According to the Sacramento County Registrar's office, about 200 people who have received a card in the last week notifying them of their No Party Preference status have said they never registered that way.
The designation means they cannot vote in the presidential primary this coming March unless they re-register with a specific party, or apply for what’s called a “crossover” ballot which would allow them to vote for candidates from the American Independent, Democratic or Libertarian parties.
They cannot vote in the Peace and Freedom, American Independent or Republican parties races without re-registering in person or online. Those parties’ ballots are closed to people who are not party members
Barbara Sloan, one of the voters who complained to the county, says she had been a registered Republican for decades. She says she was surprised and shocked when she went to register for the Sacramento County Republican Central Committee and was notified she was no longer registered with the party.
The only way she could explain it was a trip to the DMV in November 2018 to update her address. She says she did so using the computer system, but was never asked about her voting status. The registrar also confirmed that Sloan's registration changed that month.
"There's nowhere you're asked the question, 'Are you already registered to vote?'" she says. “They can assign you, I guess, whatever. So there is a glitch."
While the DMV says there have been problems with the registration process, the recent issues haven't affected many people.

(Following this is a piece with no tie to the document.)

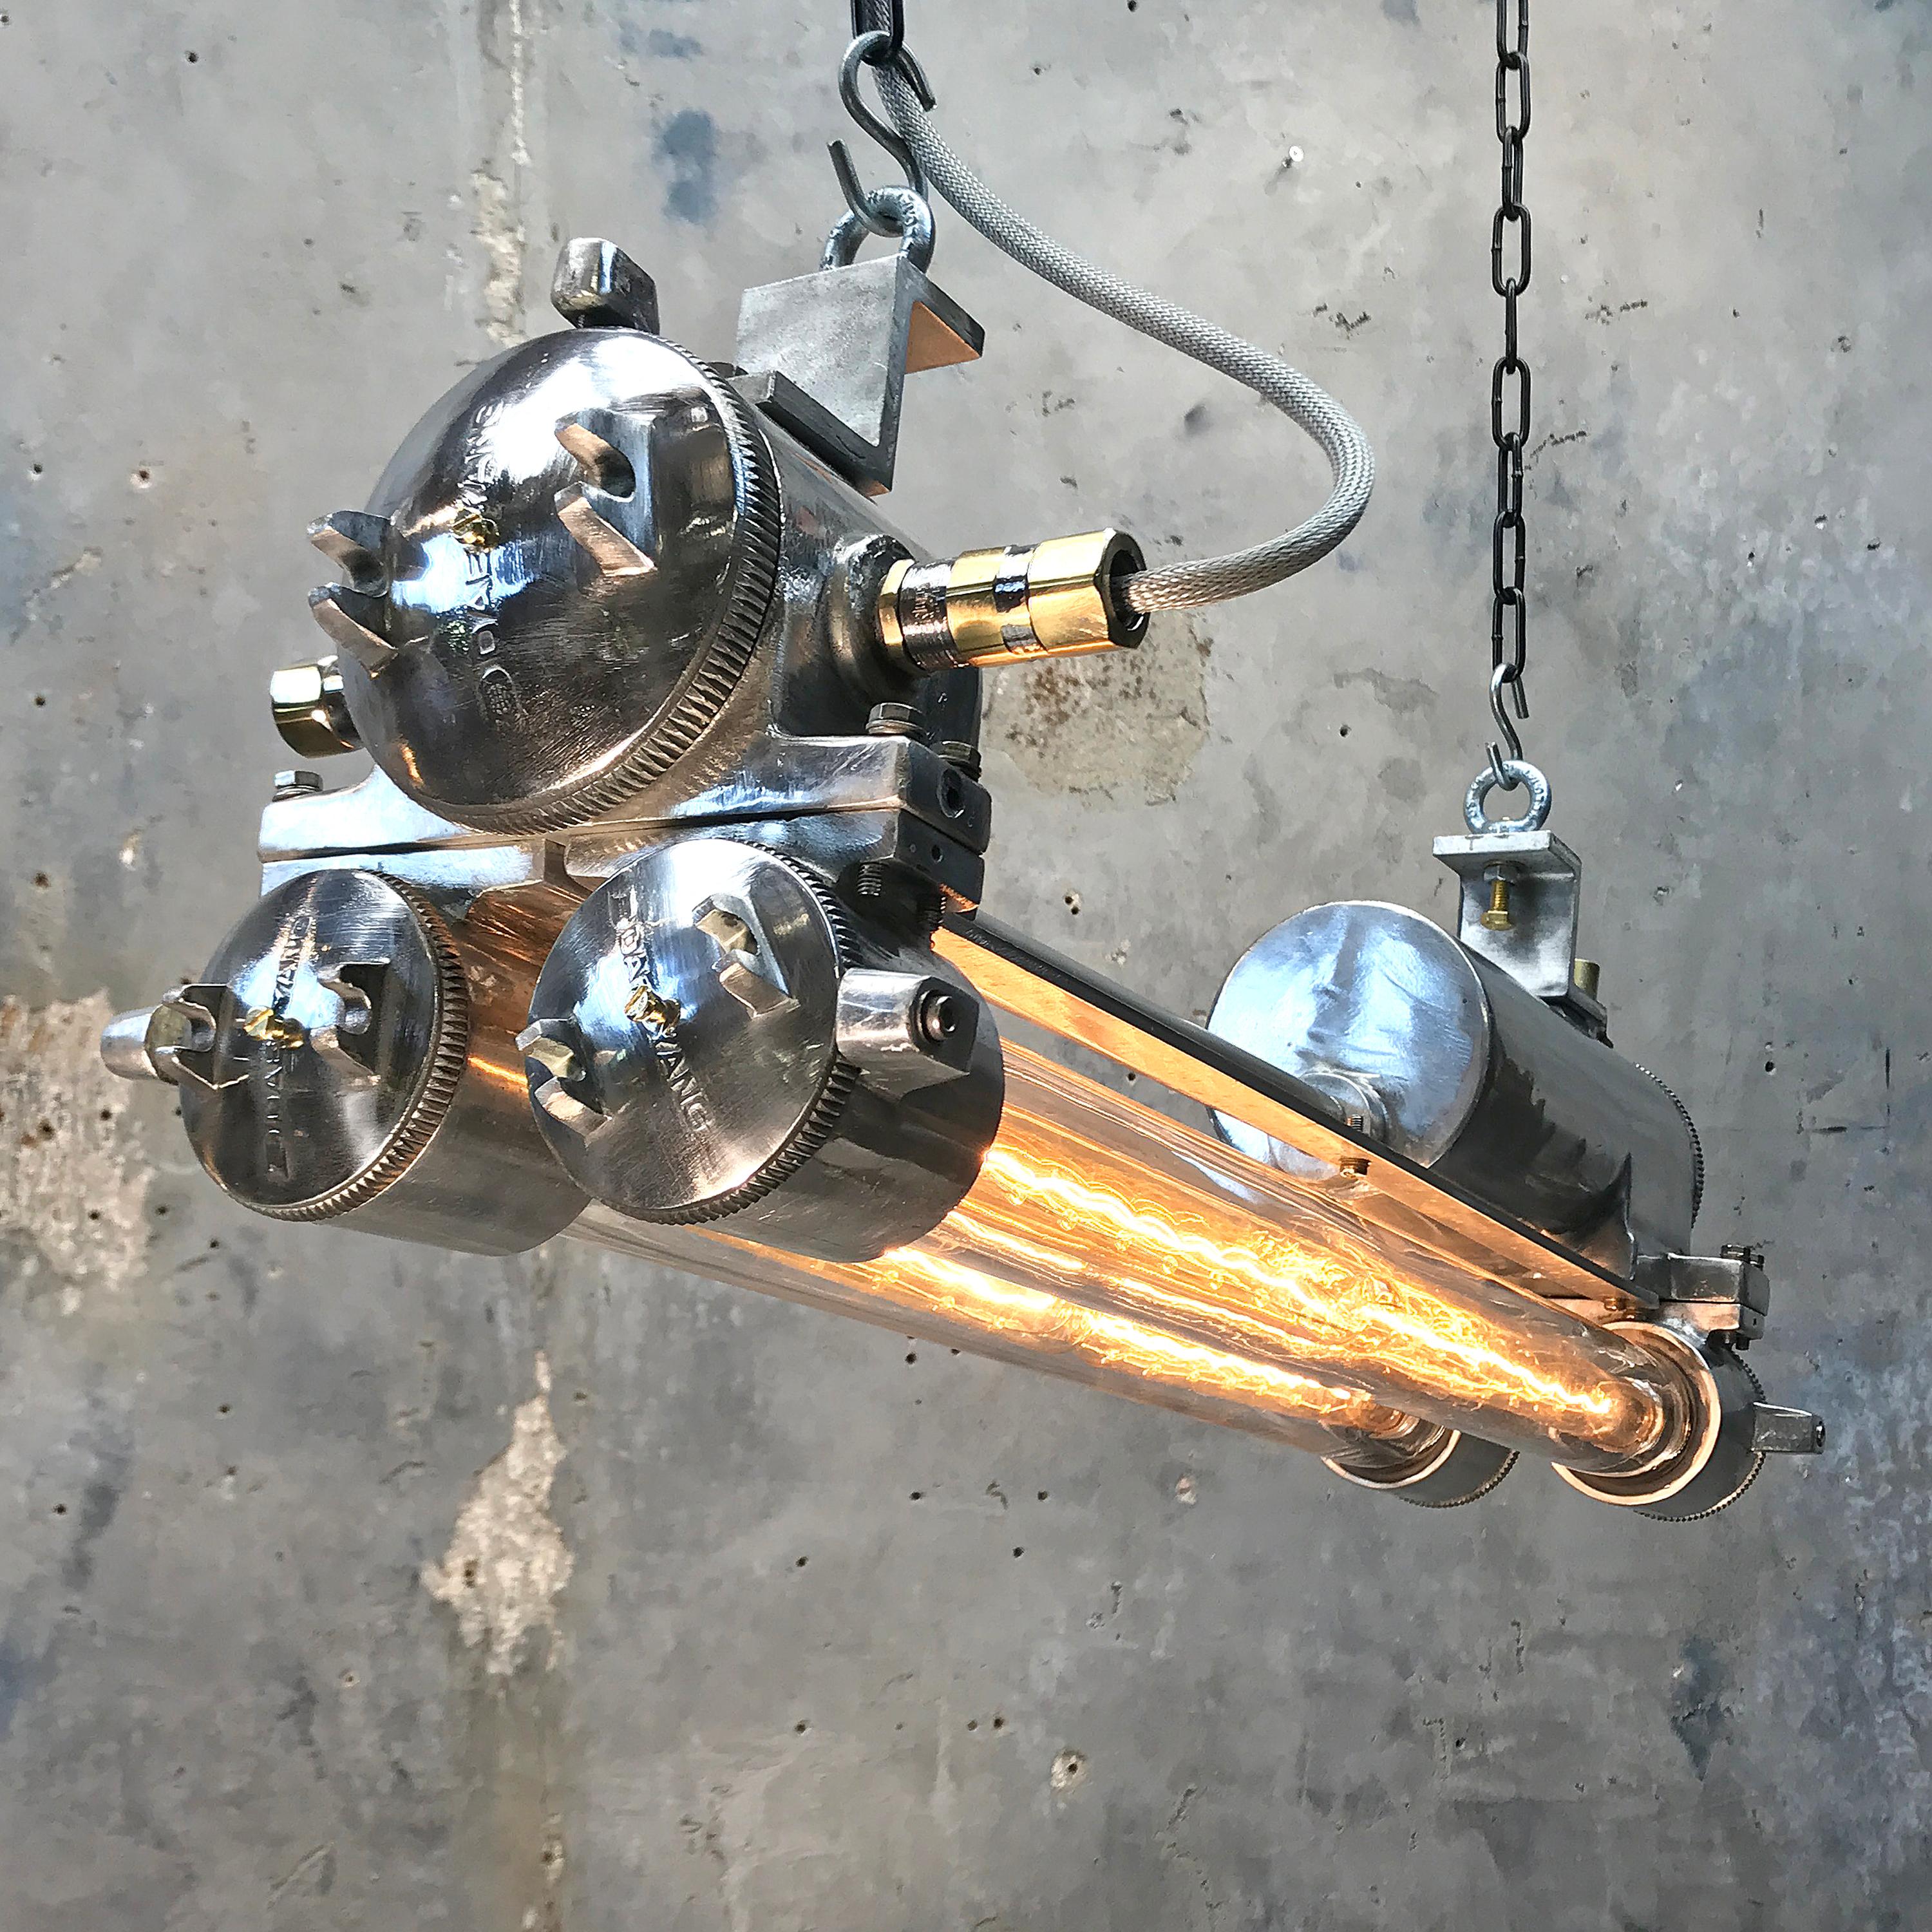 Reclaimed vintage industrial Korean flameproof striplight made by Daeyang in the 1970's with highly polished finish.
 
Original item salvaged from supertankers and military vessels then professionally restored by Loomlight in the UK ready for

“The DMV is not aware of any recent large-scale issue with the New Motor Voter system related to party preference or voter registration, and recent claims of large-scale issues are unsubstantiated,” the agency’s spokeswoman Anita Gore said in an email before noting there have been 14 million registrations since April 2018.
The Secretary of State’s Office says there were problems with the Motor Voter system last year that prevented people who wanted to change their registrations to No Party Preference. The Motor Voter system failed to recognize the option and the Secretary of State’s office kept those people registered as they had been.
As noted there was a bug when Motor Voter first launched in 4/2018. Voters who selected NPP at DMV had their records sent to SOS with a blank value for party. Instead of updating these voters to NPP, they were reverted back to their previous party registration (if they had one).— Sam Mahood (@Sam_Mahood) December 13, 2019
Spokesman Sam Mahood says this new problem that people are reporting could be related to the design of the system.
“The screens that were used for party preference questions may have confused some voters and they have inadvertently selected to be registered as No Party Preference,” Mahood said.
But Sloan insists the DMV computer never prompted her to answer anything voting related.
“It did not ask you are you registered Republican or Democrat or Decline To State. It just asked for your name, phone number, address,” she said.
Sacramento County says about two-thirds of the people who have complained about a change to their registration had business with the DMV in the last year.
Elections officials are also going back through the rolls to eliminate duplicate registrations.
"We have seen over the last nine months to a year some confusion,” said county spokeswoman Janna Haynes. “People are reregistering but maybe they didn't put in their name or address exactly the same way as their current registration and they come up in the system twice."
People who wish to re-register may do so before February 17. California's primary election is March 3.
Of the 809,506 registered voters in Sacramento County, 349,483 are registered Democrats, 203,572 are registered No Party Preference and 203,492 are registered Republican.